The velocity of a body is defined as the rate with which the body changes its displacement in unit time. The velocity of a body is a vector quantity, and its unit is the same as that of speed.

Given data.

The speed of the automobile (car) is

$\begin{array}{c}{\mathrm{v}}_{\mathrm{c}}= 95 \frac{\mathrm{km}}{\mathrm{h}}\\ = 95 \frac{\mathrm{km}}{\mathrm{h}} \times \frac{1000 \mathrm{m}}{1 \mathrm{km}} \times \frac{1 \mathrm{h}}{3600 \mathrm{s}}\\ = 26.39 \frac{\mathrm{m}}{\mathrm{s}}\end{array}$

The speed of the train is

$\begin{array}{c}{\mathrm{v}}_{\mathrm{t}}= 75 \frac{\mathrm{km}}{\mathrm{h}}\\ = 75 \frac{\mathrm{km}}{\mathrm{h}} \times \frac{1000 \mathrm{m}}{1 \mathrm{km}} \times \frac{1 \mathrm{h}}{3600 \mathrm{s}}\\ = 20.83 \frac{\mathrm{m}}{\mathrm{s}}\end{array}$

The automobile travels 1.30 km to pass the train.

Now, the distance is

$\begin{array}{c}1.30 \mathrm{km} = 1.30 \mathrm{km} \times \frac{1000 \mathrm{m}}{1 \mathrm{km}}\\ = 1300 \mathrm{m}\end{array}$

Assumptions.

Let the automobile take $t$time to pass the train.

Then, the distance traveled by the automobile in time $t$is $d_{\mathrm{c}}=v_{\mathrm{c}}t$, and the distance traveled by the truck in time $t$is $d_{\mathrm{t}}=v_{\mathrm{t}}t$.

Now, after $t$time, they are in the same position. Then,

$\begin{array}{c}{v}_{\mathrm{c}}t=v_{\mathrm{t}}t+1300\mathrm{m}\\ \left(v_{\mathrm{c}}-v_{\mathrm{t}}\right)t=1300\mathrm{m}\\ \left(26.39\frac{\mathrm{m}}{\mathrm{s}}-20.83\frac{\mathrm{m}}{\mathrm{s}}\right)t=1300\mathrm{m}\\ t=233.8\mathrm{s}\end{array}$

Now, changing the unit of the time to minutes,

$\begin{array}{c}t = 233.8 \mathrm{s} \times \frac{1 \min }{60 \mathrm{s}}\\ = 3.90 \min \end{array}$

Therefore, the car takes 3.90 min to pass the train.

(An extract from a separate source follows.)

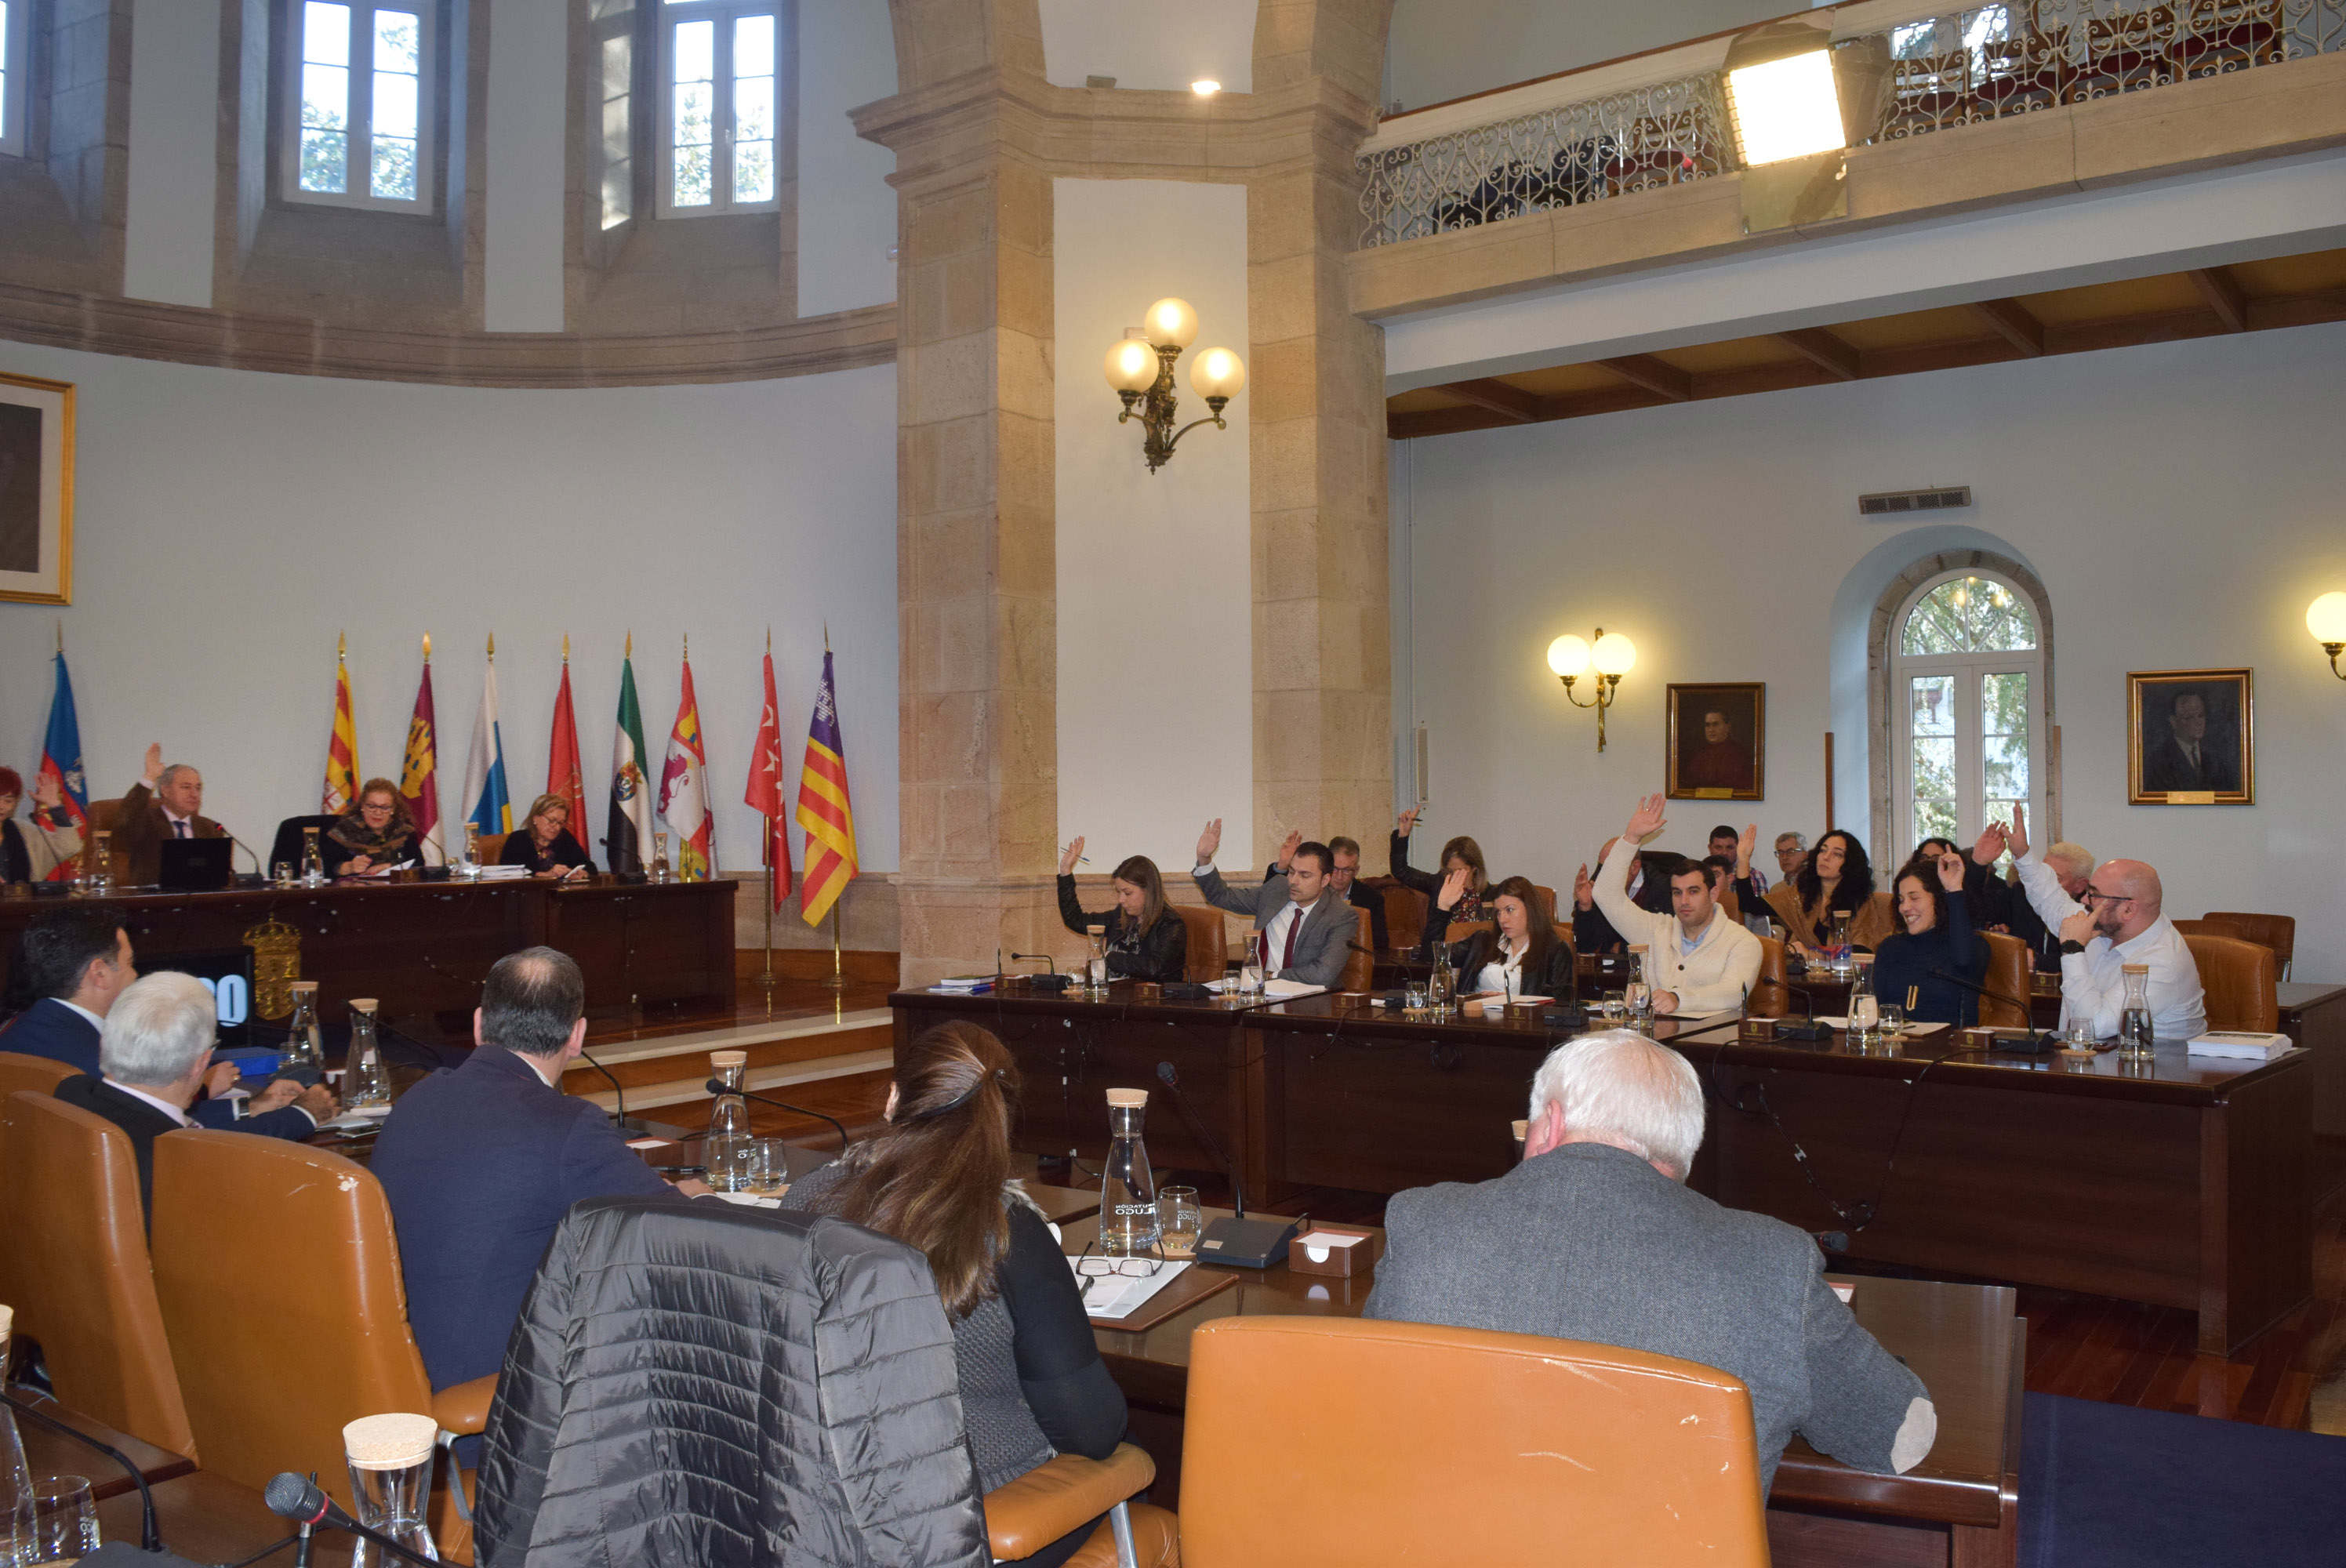 Os Orzamentos 2020 da Deputación de Lugo aplican “a mellor política demográfica: dotar de servizos á cidadanía e favorecer o emprego sostible”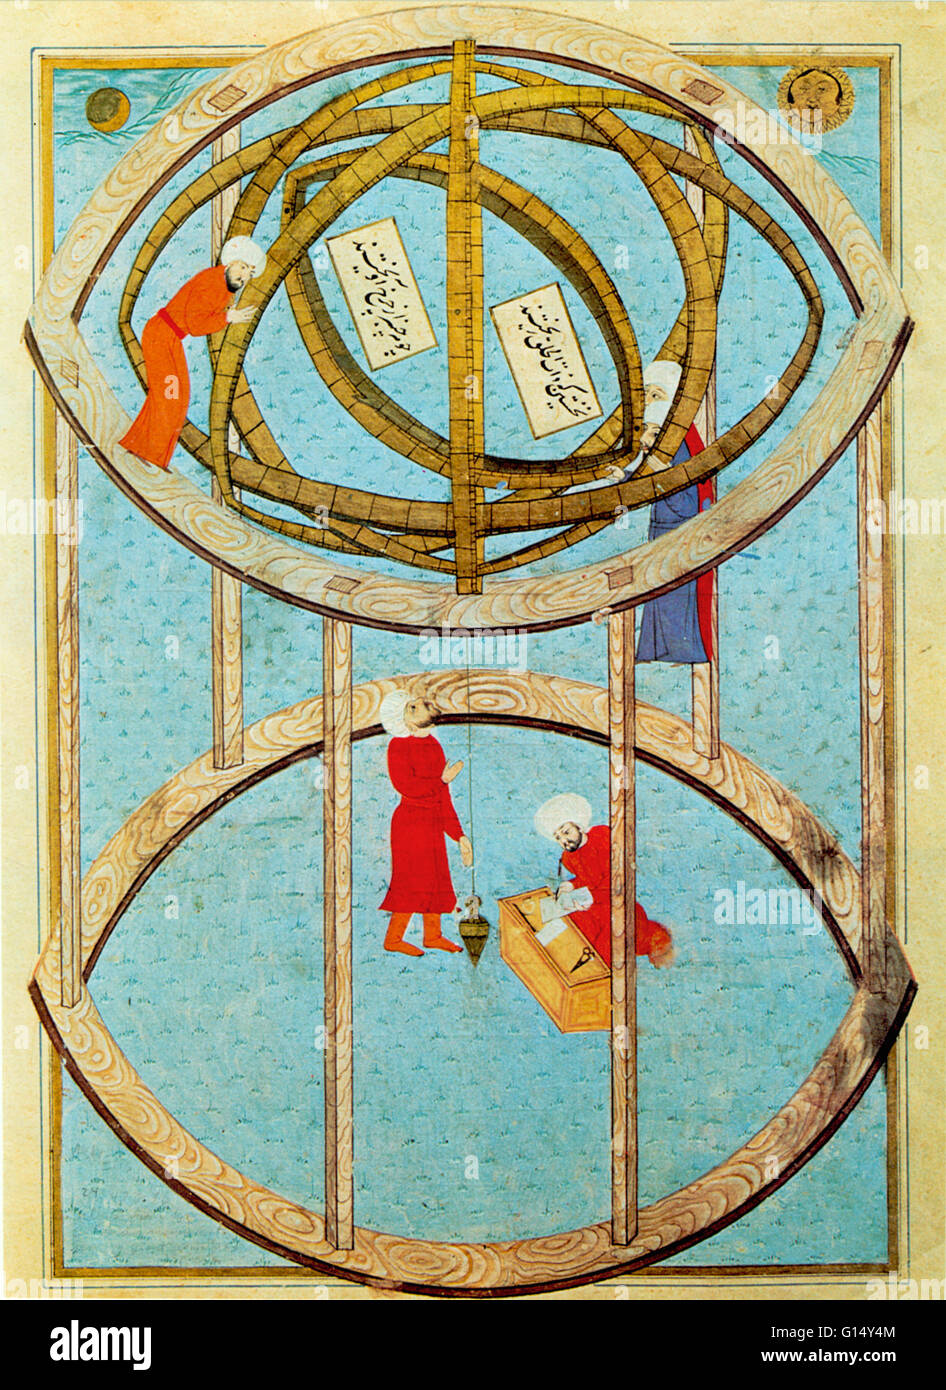 Illustration aus 16. Jahrhundert osmanischen Manuskript zeigt eine riesige Armillarsphäre (auch bekannt als kugelförmige Astrolabium, Armilla oder Armil) ist ein Modell der Himmelskugel. Stockfoto

The traveled distance by the car within 3.90 min or 233.8 s is

$\begin{array}{c}d= 26.39 \frac{\mathrm{m}}{\mathrm{s}} \times 233.8 \mathrm{s}\\ = 6170.0 \mathrm{m}\\ = 6170.0 \mathrm{m} \times \frac{1 \mathrm{km}}{1000 \mathrm{m}}\\ = 6.17 \mathrm{km}\end{array}$

Therefore, the car has traveled 6.17 km at this time.

If they are traveling in the opposite directions,

$\begin{array}{c} v_{\mathrm{c}} t + v_{\mathrm{t}} t = 1300 \mathrm{m}\\ \left( v_{\mathrm{c}}+ v_{\mathrm{t}}\right) t = 1300 \mathrm{m}\\ \left( 26.39 \frac{\mathrm{m}}{\mathrm{s}}+ 20.83 \frac{\mathrm{m}}{\mathrm{s}}\right) t = 1300 \mathrm{m}\\ t = 27.5 \mathrm{s}\end{array}$

Therefore, when they are traveling in the opposite directions, the car takes 27.5 s to pass the train.

Now, the traveled distance by the car within 27.5 s is

$\begin{array}{c}d\text{'}= 26.39 \frac{\mathrm{m}}{\mathrm{s}} \times 27.5 \mathrm{s}\\ = 725.7 \mathrm{m}\end{array}$

Therefore, the car has traveled 725.7 m in the time when they are traveling in opposite directions.